What you are asked to do >> Reproduce the listing below as it stands. Leave out each image.

Supplied information >>
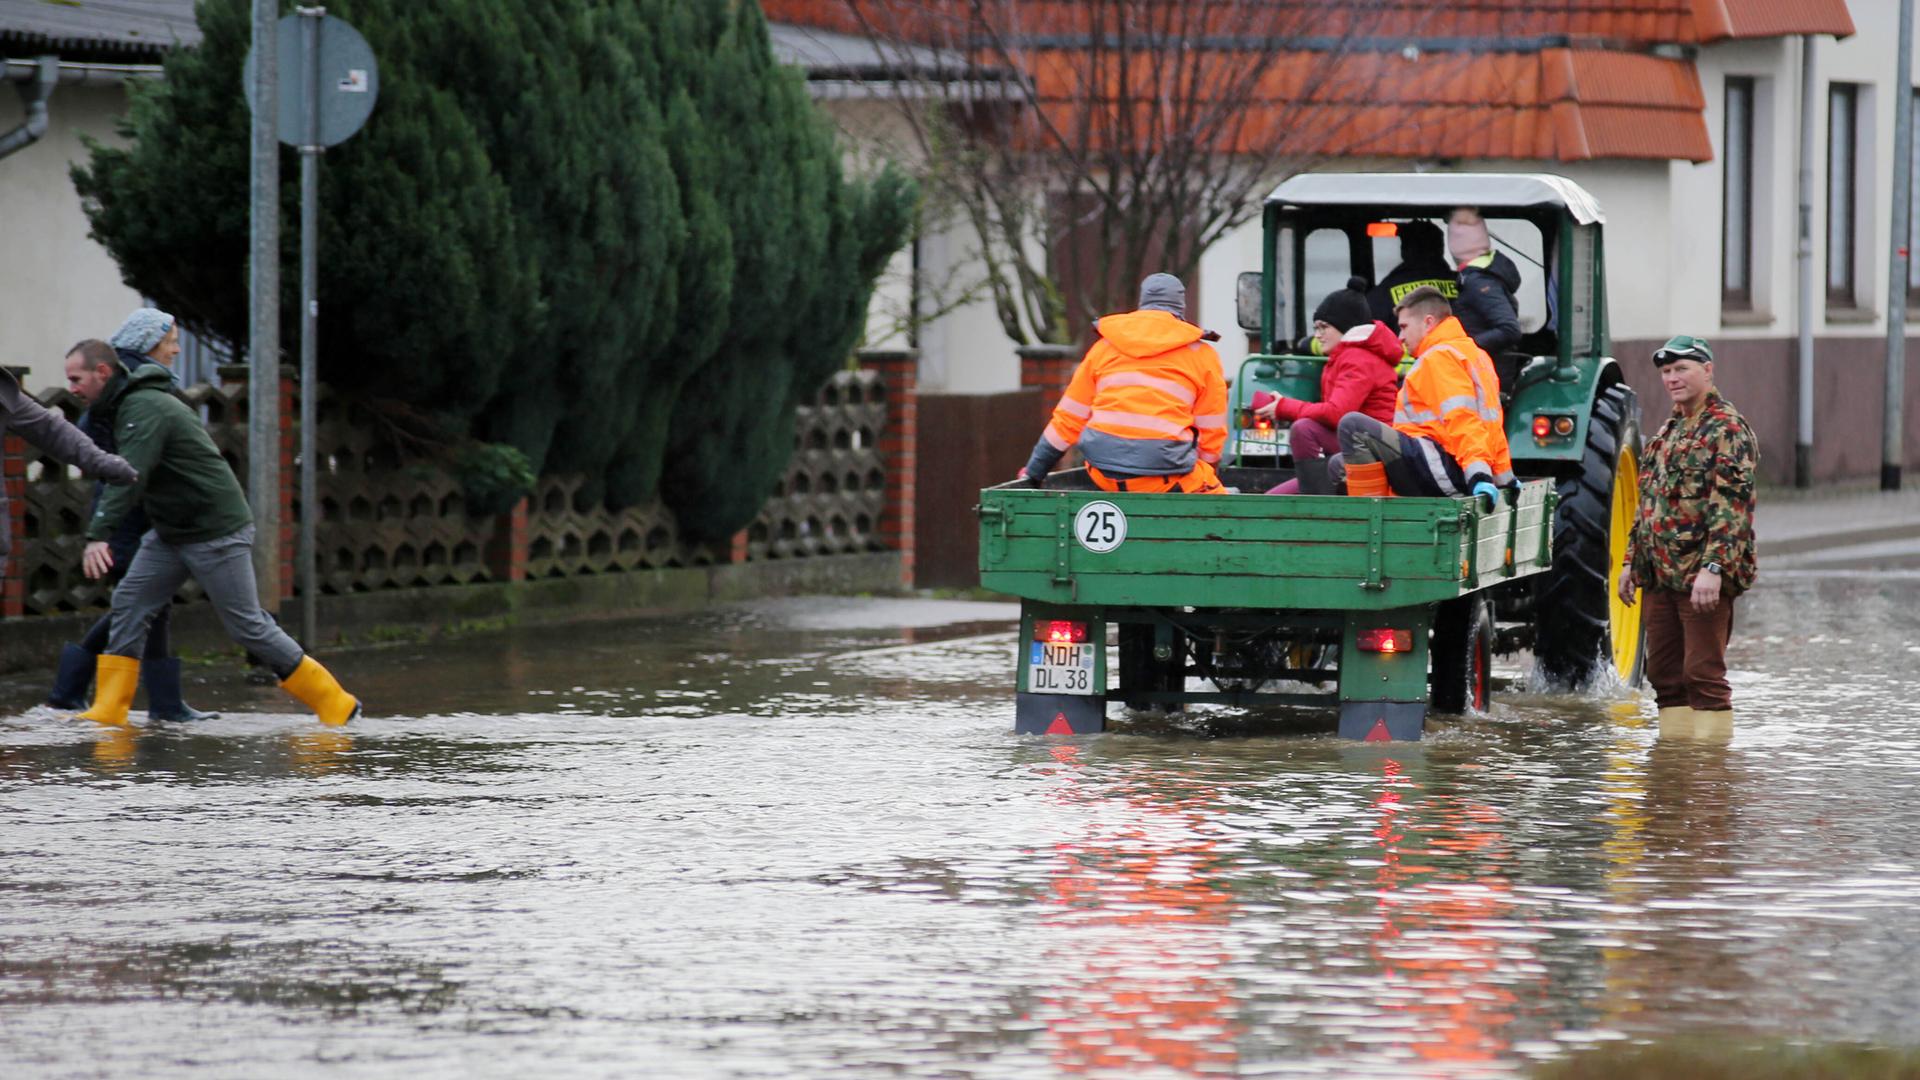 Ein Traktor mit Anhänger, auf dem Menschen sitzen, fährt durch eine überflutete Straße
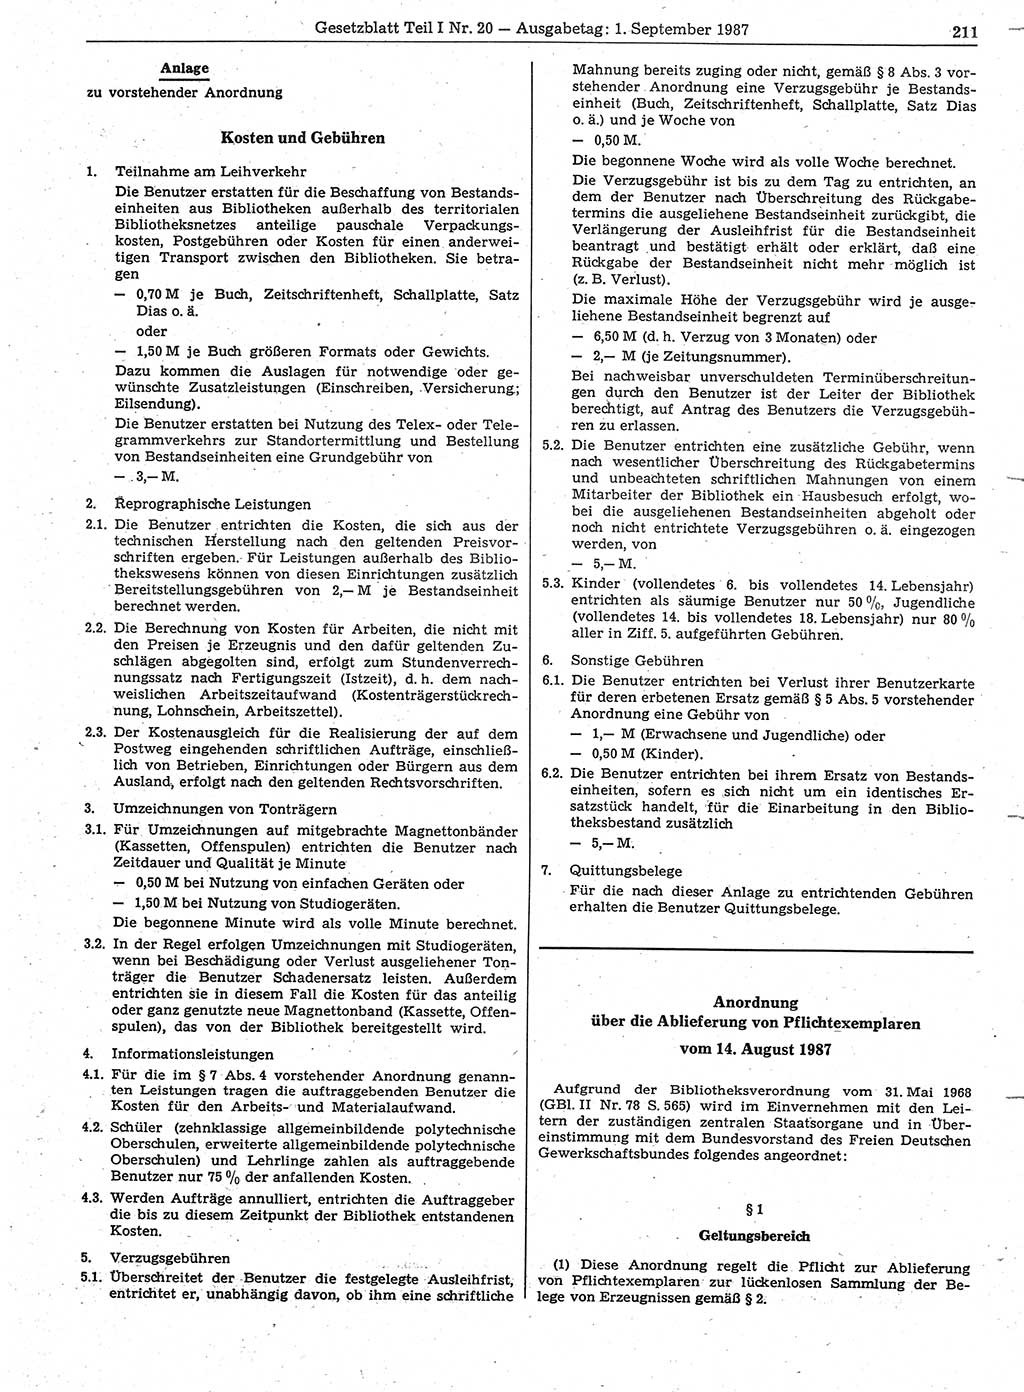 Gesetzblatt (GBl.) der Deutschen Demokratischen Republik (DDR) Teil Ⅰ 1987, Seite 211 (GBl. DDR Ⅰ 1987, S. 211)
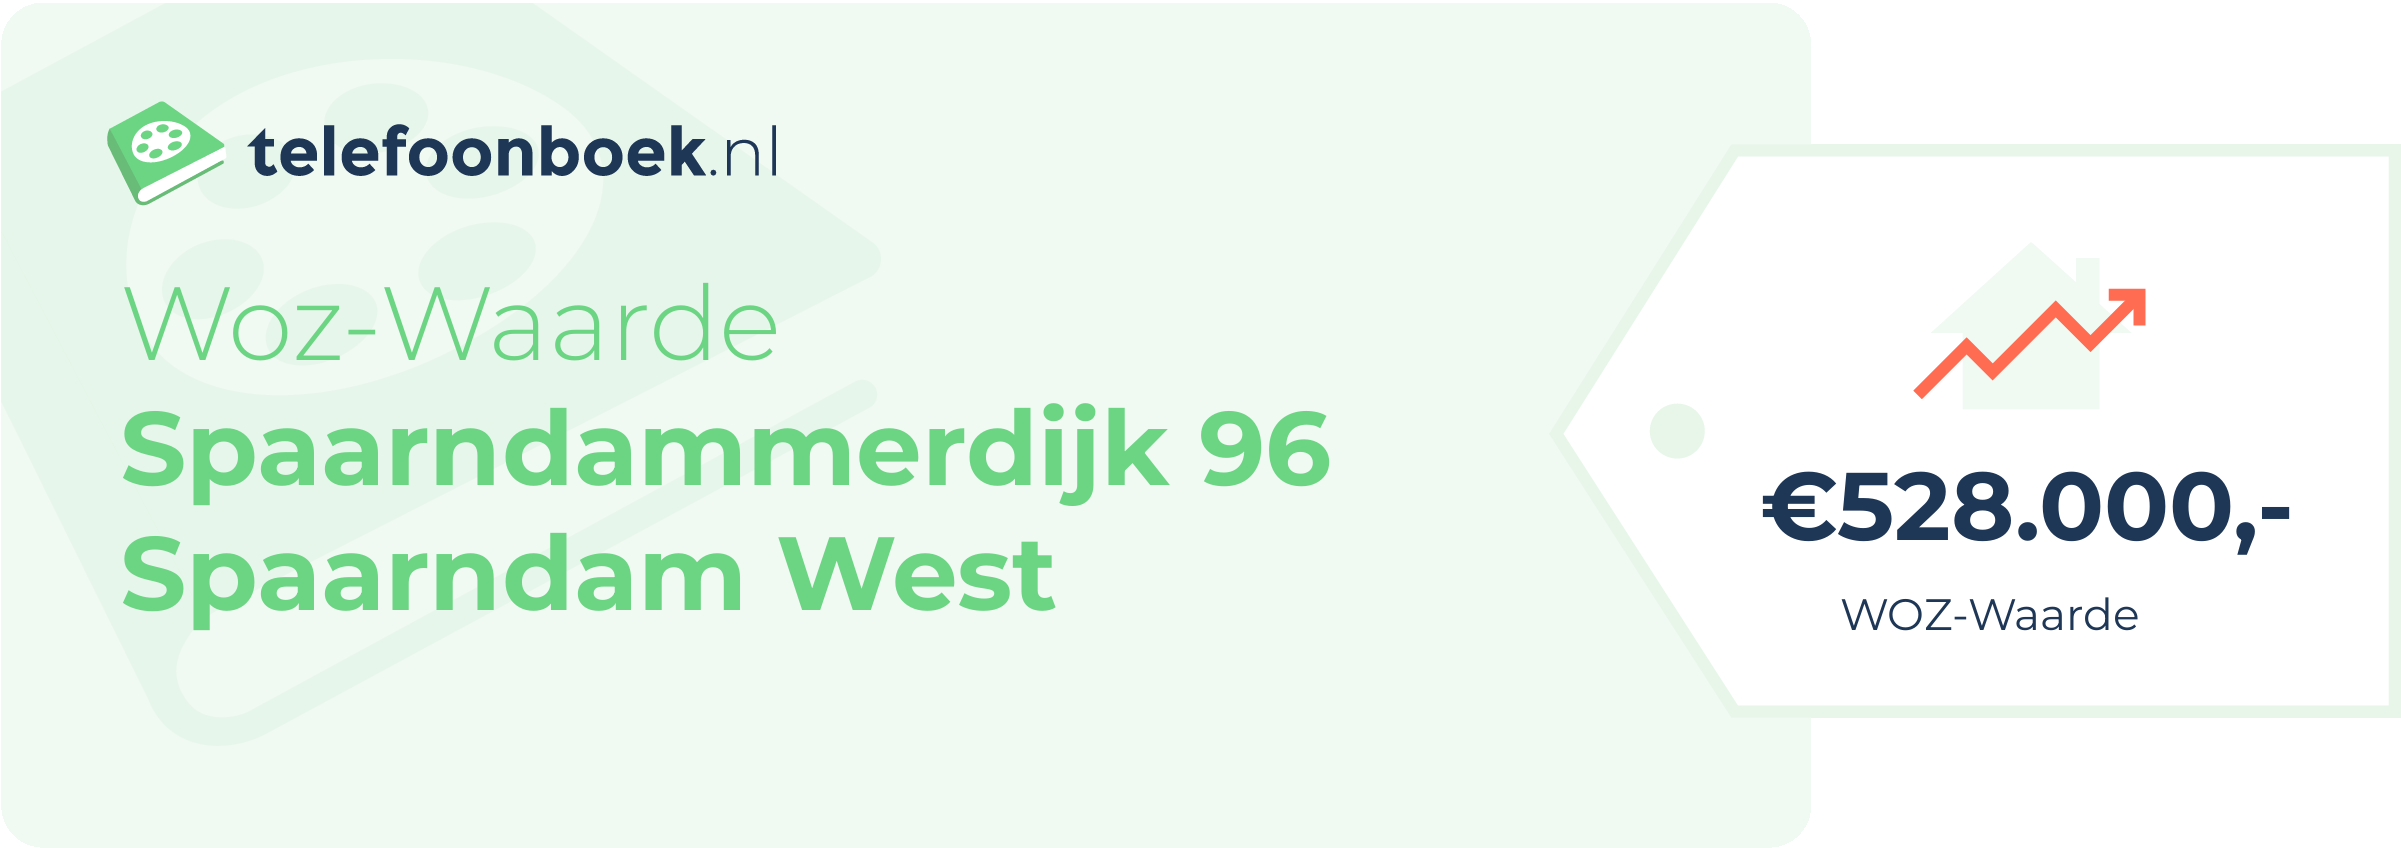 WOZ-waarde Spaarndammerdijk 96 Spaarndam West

Written response >>
 Ein Traktor mit Anhänger, auf dem Menschen sitzen, fährt durch eine überflutete Straße
 Gesetzblatt (GBl.) der Deutschen Demokratischen Republik (DDR) Teil Ⅰ 1987, Seite 211 (GBl. DDR Ⅰ 1987, S. 211)
 WOZ-waarde Spaarndammerdijk 96 Spaarndam West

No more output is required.